Distinguishing sediment waves from slope failure deposits: field examples, including the ‘Humboldt slide’, and modelling results
Introduction
Sediment waves with a turbidity current origin have been recognised in a variety of submarine environments worldwide. Most commonly the waves are associated with turbidity current levee and fan deposits (e.g. Normark et al., 1980, Nakajima et al., 1998). The waves often form on the back side (side away from channel floor) of levees, within a restricted range of slope gradients. For example, Normark et al. (1980) described an extensive field of turbidity-current sediment waves on the Monterey Fan that exist only in the area of steepest regional gradient where the levee slope is as much as three times greater than the adjacent channel floor and longitudinal levee gradients. Nakajima et al. (1998) found well-defined sediment waves in many locations along the Toyama Deep-Sea Channel System but only on levee backslopes with a gradient between 0.007 and 0.025. Turbidity-current sediment waves have also been found in other deep-sea environments, including above pre-existing debris flow deposits (Howe, 1996), along the sides of a sedimentary ridge (Embley and Langseth, 1977), and along the seaward wall of a deep-sea trench (Damuth, 1979). They are also found in a subaqueous delta within a fjord (Bornhold and Prior, 1990). The sediment waves have wavelengths of hundreds to thousands of metres and surface relief of up to 40 m or more.
Deposits that form sediment waves contain many individual turbidite event beds (Syvitski et al., 1987, p. 207), suggesting that these features developed over long time periods. The waves appear to be the result of many turbidity current events, undoubtedly each having travelled with somewhat different flow regimes, carrying differing grain-size populations. Sediment-wave deposits may also incorporate sediment deposited from other sources (i.e. nepheloid transport from shelf storms, plumes from river discharge). Thus the boundary conditions associated with the evolving seafloor morphology also evolve and impact on the dynamics of each subsequent turbidity current. Sediment waves commonly appear on seismic-reflection records to migrate upslope towards the current source. The waves are typically composed of fine-grained material (lutite) with silt laminae, and sediment accumulation is most rapid on the shorter upslope limb of each wave (e.g. Normark et al., 1980).

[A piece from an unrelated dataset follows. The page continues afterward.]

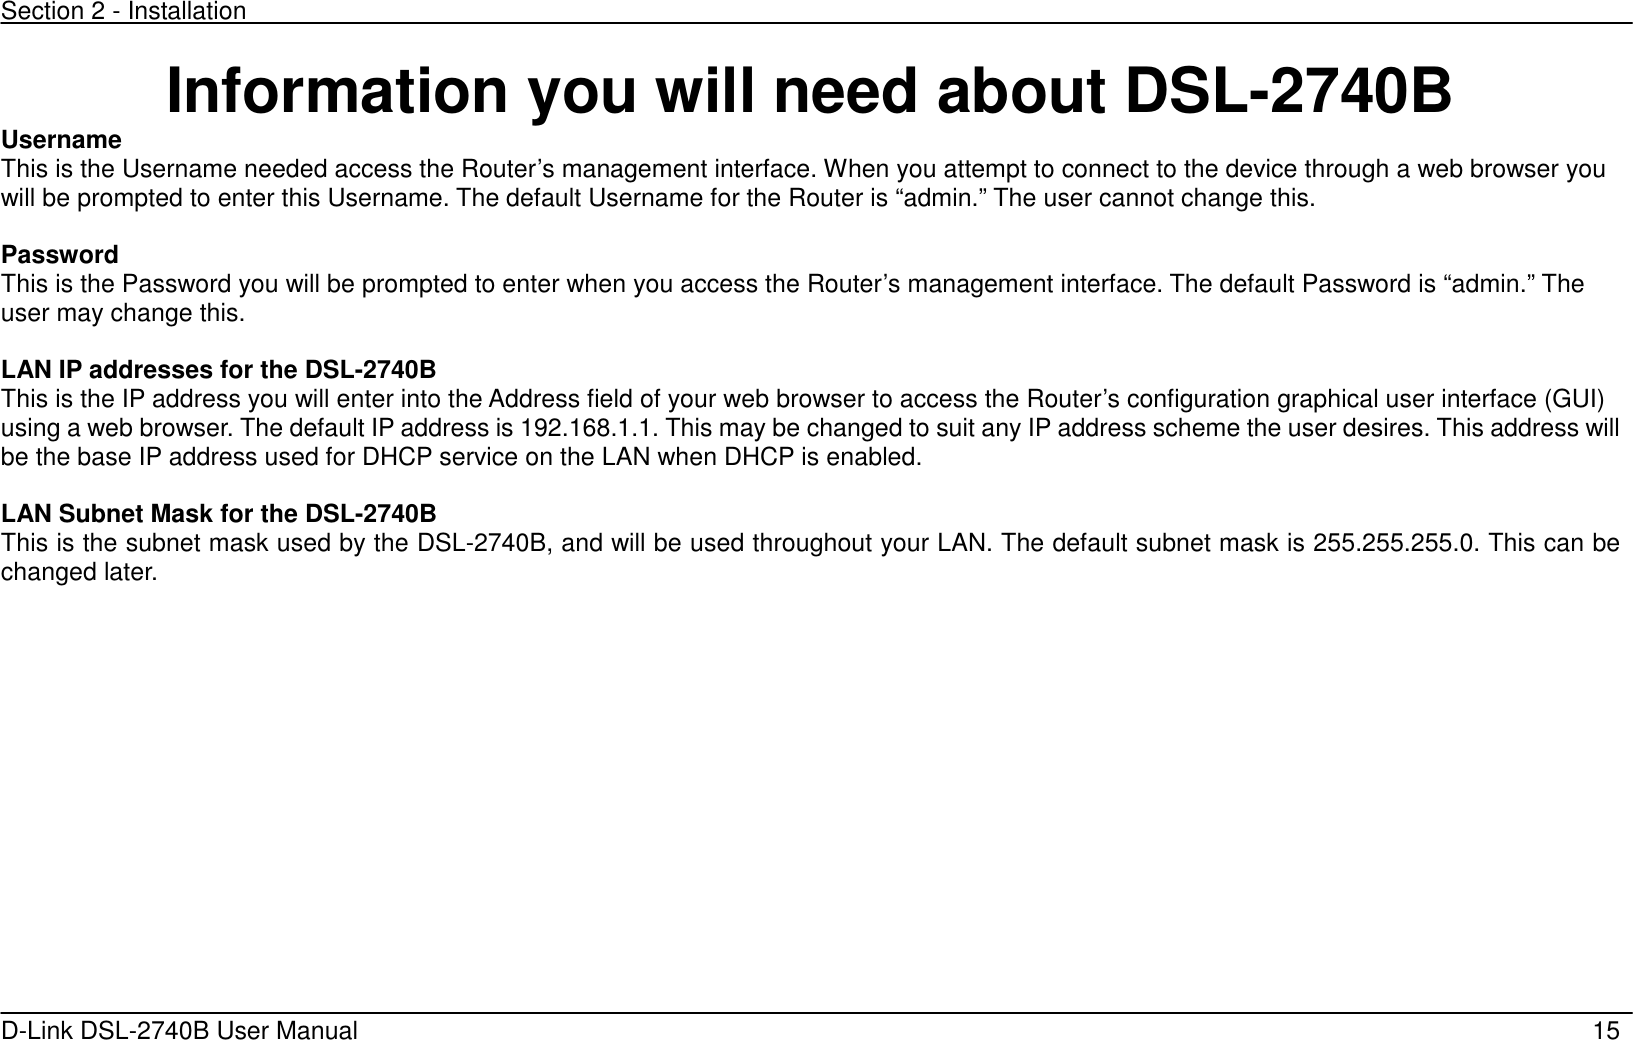 Section 2 - Installation   D-Link DSL-2740B User Manual                                                  15  Information you will need about DSL-2740B Username   This is the Username needed access the Router’s management interface. When you attempt to connect to the device through a web browser you will be prompted to enter this Username. The default Username for the Router is “admin.” The user cannot change this.    Password This is the Password you will be prompted to enter when you access the Router’s management interface. The default Password is “admin.” The user may change this.   LAN IP addresses for the DSL-2740B This is the IP address you will enter into the Address field of your web browser to access the Router’s configuration graphical user interface (GUI) using a web browser. The default IP address is 192.168.1.1. This may be changed to suit any IP address scheme the user desires. This address will be the base IP address used for DHCP service on the LAN when DHCP is enabled.    LAN Subnet Mask for the DSL-2740B This is the subnet mask used by the DSL-2740B, and will be used throughout your LAN. The default subnet mask is 255.255.255.0. This can be changed later.   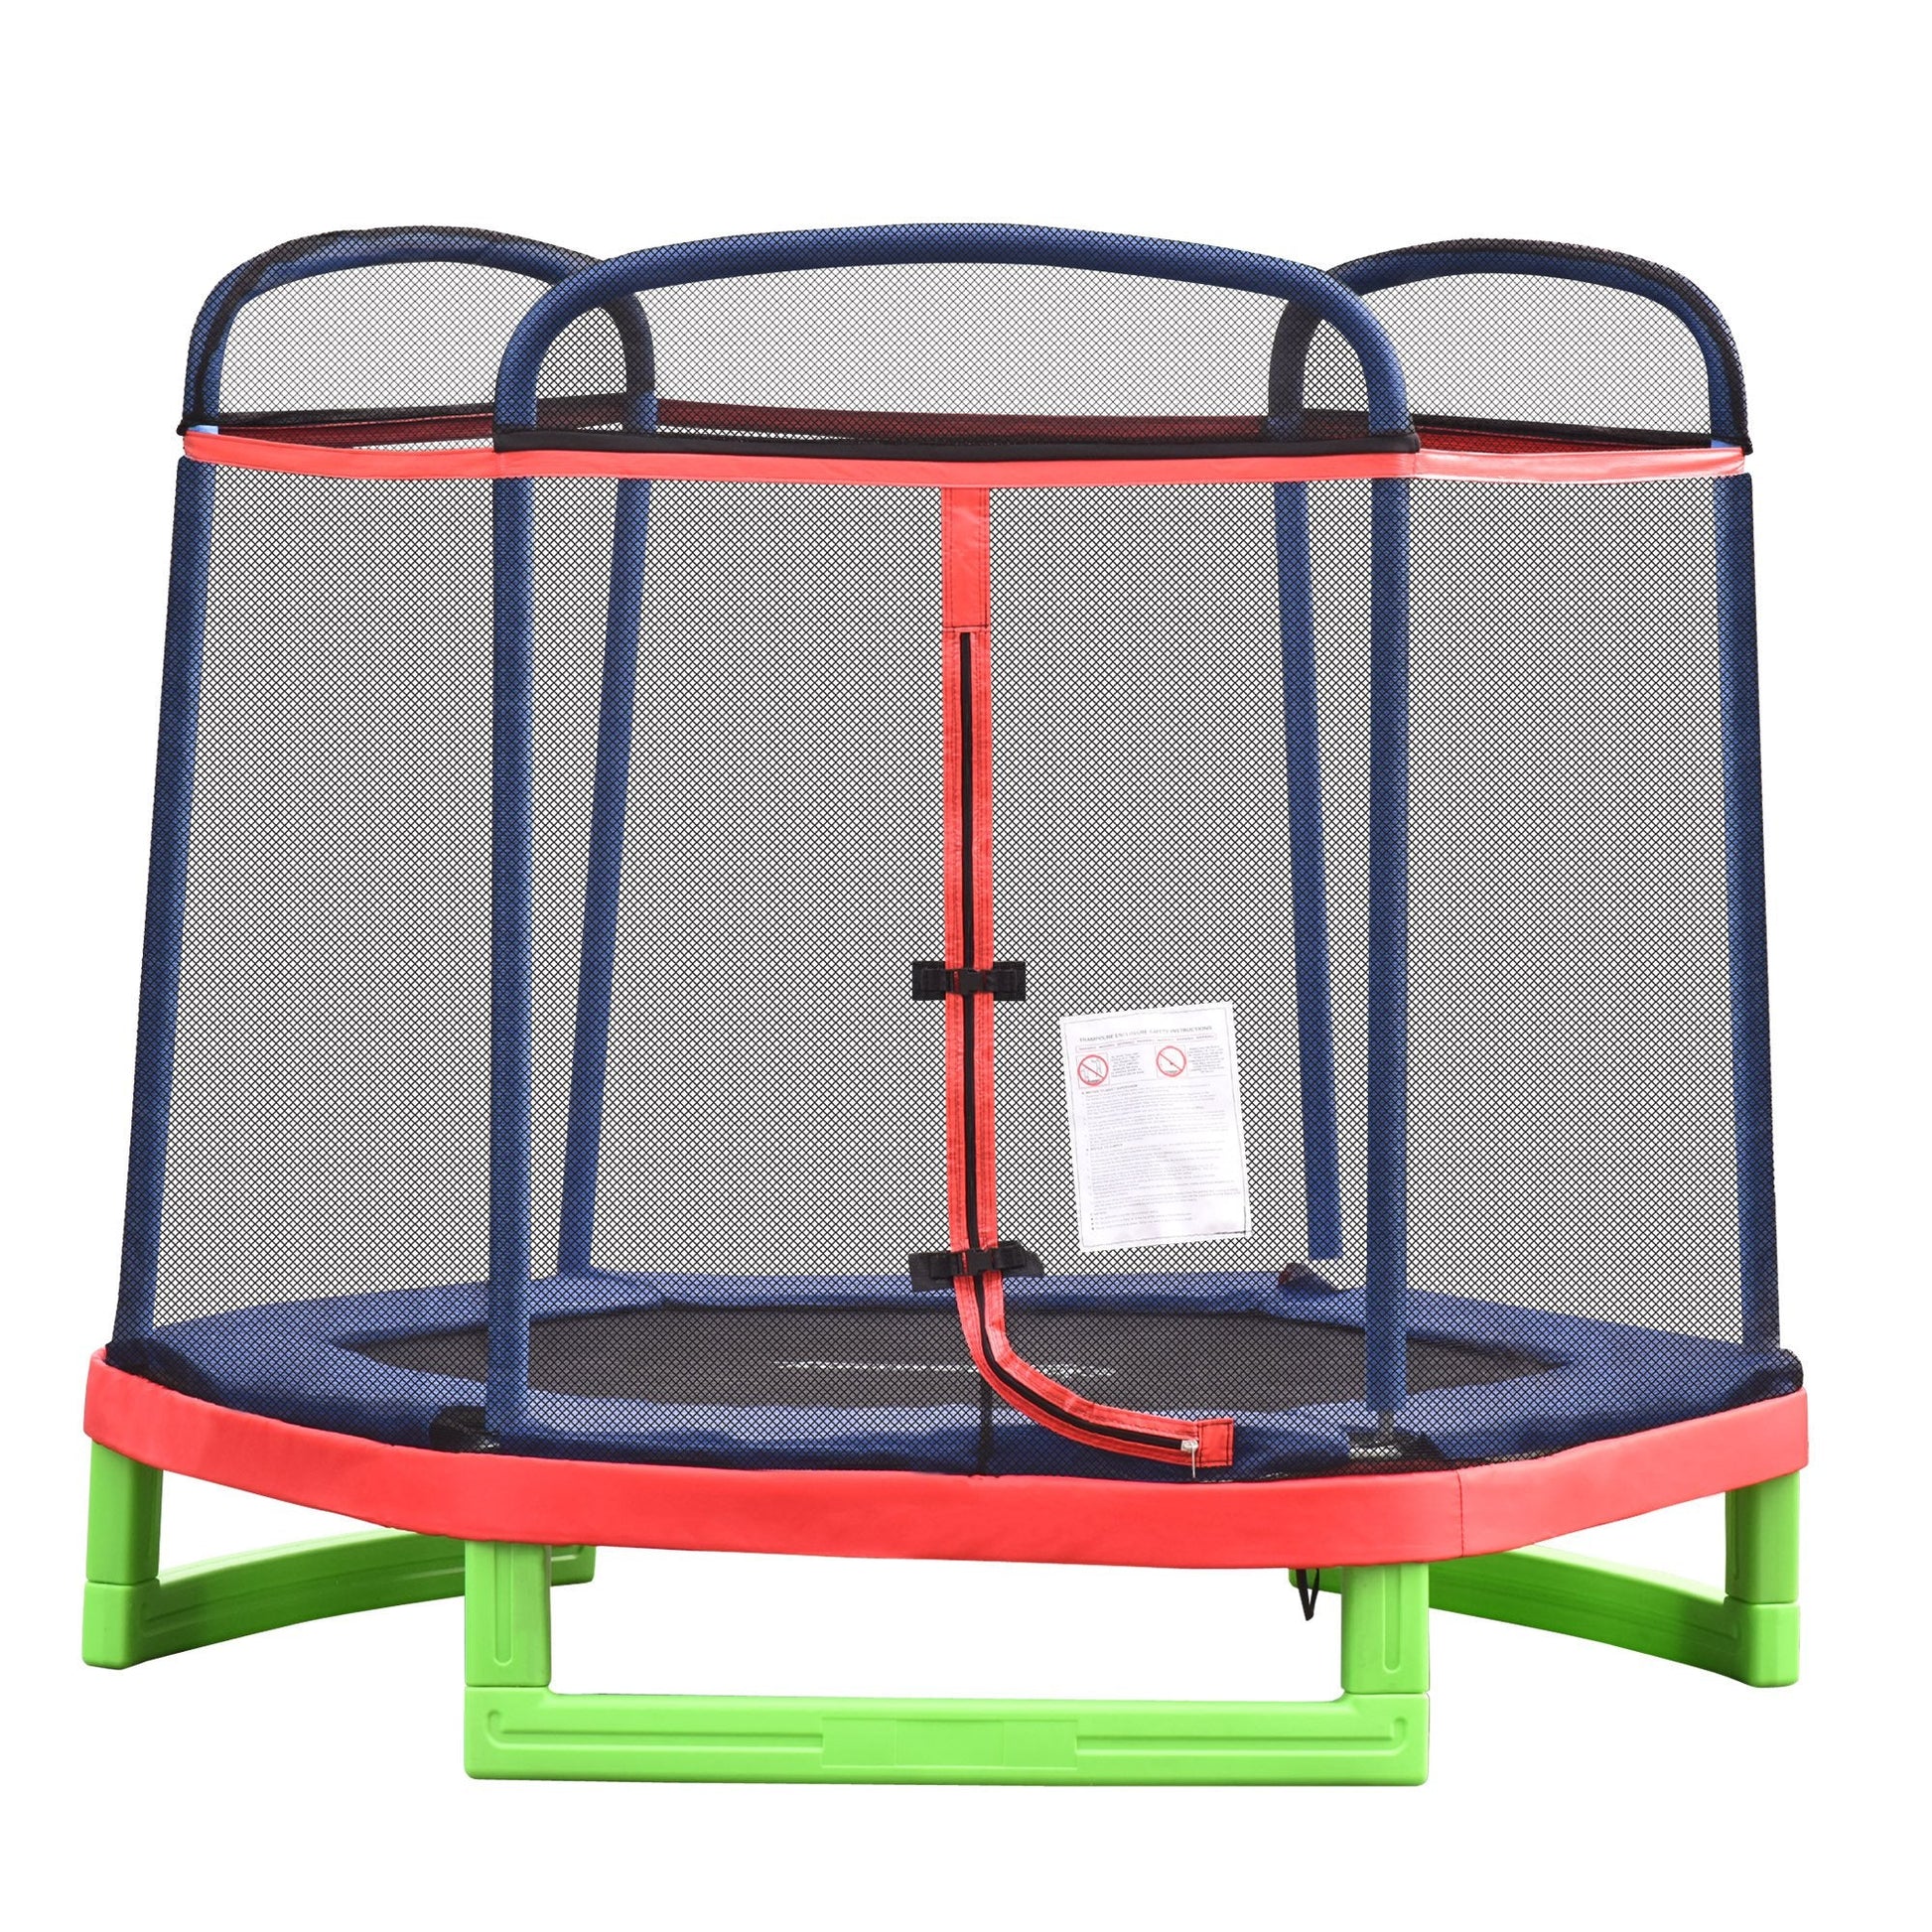 84.75" Kids Trampoline 7 FT Indoor Outdoor Trampolines with Safety Net Enclosure Built-in Zipper Padded Covering, for Boys and Girls, Red at Gallery Canada

The timeliness of this topic relates to the interpretation problems facing geologists who interpret seismic-reflection records that contain these features. Many similar features are interpreted as slump compression waves (i.e. post-depositional failure) rather than current-related depositional features developed from the multiple passage of turbidity currents (e.g. Lee and Baraza, 1999). Others have tried to distinguish between such features developed from turbidity currents and those developed from contour-current influences (Howe, 1996). The STRATAFORM (Office of Naval Research programme to investigate STRATA FORMation on margins) community in the United States, for example, is divided on whether a particular feature on the Eel River margin, California (‘Humboldt slide’), is a landslide or a field of migrating sediment waves. Recent meetings with European geo-scientists who study continental margins show their community is also divided on the interpretation of similar features (F. Trincardi, S. Berné, personal communication, 1999).
Below, examples of deposits that have been described in the literature as being migrating sediment waves are provided and a set of common features is drawn from these examples that can be used to identify such deposits. Next, several similar deposits that have been identified as submarine landslides are described. However, these are likely additional examples of migrating sediment-wave fields. Finally, results of numerical and physical models are provided to show how turbidity currents can generate migrating sediment-wave fields, and the conditions under which such fields are formed.
The focus of this paper is on large-scale migrating sediment waves that can be resolved in acoustic and seismic seafloor images. It should be noted, however, that other kinds of migrating bedforms are observed at subresolution scale in outcrops and cores. These include the climbing ripples often observed in the upper units of turbidites (e.g. Reineck and Singh, 1975), as well as the dunes that are often found in sandy turbidites of sufficient thickness (Mohrig et al., 2001). The ripples in question typically have wavelengths in the order of 10 cm, and the dunes have wavelengths in the order of 1 m. Both of these small migrating bedforms have a characteristic asymmetry, such that the stoss side has a gentle slope and the lee side has a steep slope. Their small scale and strong asymmetry distinguish them from the large-scale, roughly symmetrical migrating sediment waves discussed below.
Section snippets
Examples of deposits accepted as migrating sediment waves
Numerous investigators have described turbidity current (TC) sediment-wave fields that have been found in a variety of environments. These environments include the backslopes of channel levees (Normark et al., 1980, Normark et al., 2002, Piper and Savoye, 1993, Gardner et al., 1996, Nakajima et al., 1998, Piper et al., 1999, McHugh and Ryan, 2000, Migeon et al., 2000), fjords (Bornhold and Prior, 1990), the continental rise near volcanic islands (Wynn et al., 2000), and submarine fans (Howe,
Common features
The above examples show that turbidity-current sediment waves have been observed in a variety of settings. However, there are typically several common features that characterise these waves, including:
(1) Differential deposition rates. The upstream flanks accumulate sediment more rapidly than the downstream flanks. This effect causes the sediment waves to migrate upslope.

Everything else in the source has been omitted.